Arm's New Cortex-A77 CPU Micro-architecture: Evolving Performance

Name: Arm's New Cortex-A77 CPU Micro-architecture: Evolving Performance
Item: Arm's New Cortex-A77 CPU Micro-architecture: Evolving Performance
Author: Andrei Frumusanu

by Andrei Frumusanu on May 27, 2019 12:01 AM EST

Posted in
Mobile
CPUs
Arm
SoCs
IPC
Cortex A77

108 Comments | Add A Comment

108 Comments

The Cortex-A77 µarch: Added ALUs & Better Load/Stores

Having covered the front-end and middle-core, we move onto the back-end of the Cortex-A77 and investigate what kind of changes Arm has made to the execution units and data pipelines.

On the integer execution side of the core we’ve seen the addition of a second branch port, which goes along with the doubling of the branch-predictor bandwidth of the front-end.

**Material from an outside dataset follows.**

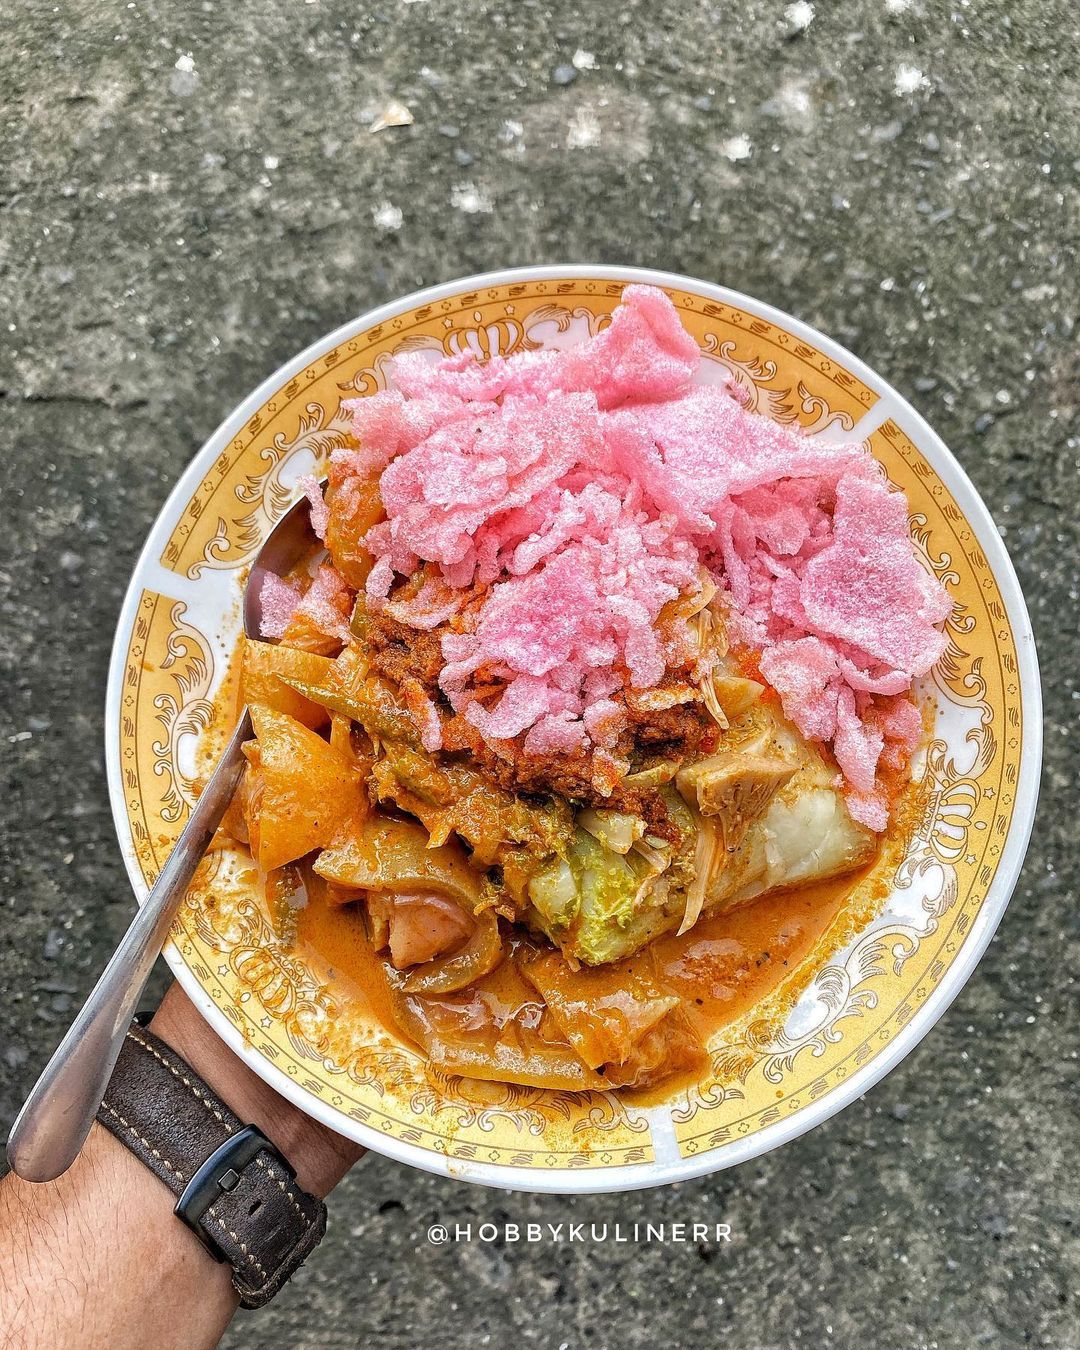 Daftar rekomendasi ketupat sayur Padang enak di Jakarta dan sekitarnya.

We also see the addition on an additional integer ALU. This new unit goes half-way between a simple single-cycle ALU and the existing complex ALU pipeline: It naturally still has the ability of single-cycle ALU operations but also is able to support the more complex 2-cycle operations (Some shift combination instructions, logical instructions, move instructions, test/compare instructions). Arm says that the addition of this new pipeline saw a surprising amount of performance uplift: As the core gets wider, the back-end can become a bottleneck and this was a case of the execution units needing to grow along with the rest of the core.

A larger change in the execution core was the unification of the issue queues. Arm explains that this was done in order to maintain efficiency of the core with the added execution ports.

Finally, existing execution pipelines haven’t seen much changes. One latency improvement was the pipelining of the integer multiply unit on the complex ALU which allows it to achieve 2-3 cycle multiplications as opposed to 4.

Oddly enough, Arm didn’t make much mention of the floating-point / ASIMD pipelines for the Cortex-A77. Here it seems the A76’s “state-of-the-art” design was good enough for them to focus the efforts elsewhere on the core for this generation.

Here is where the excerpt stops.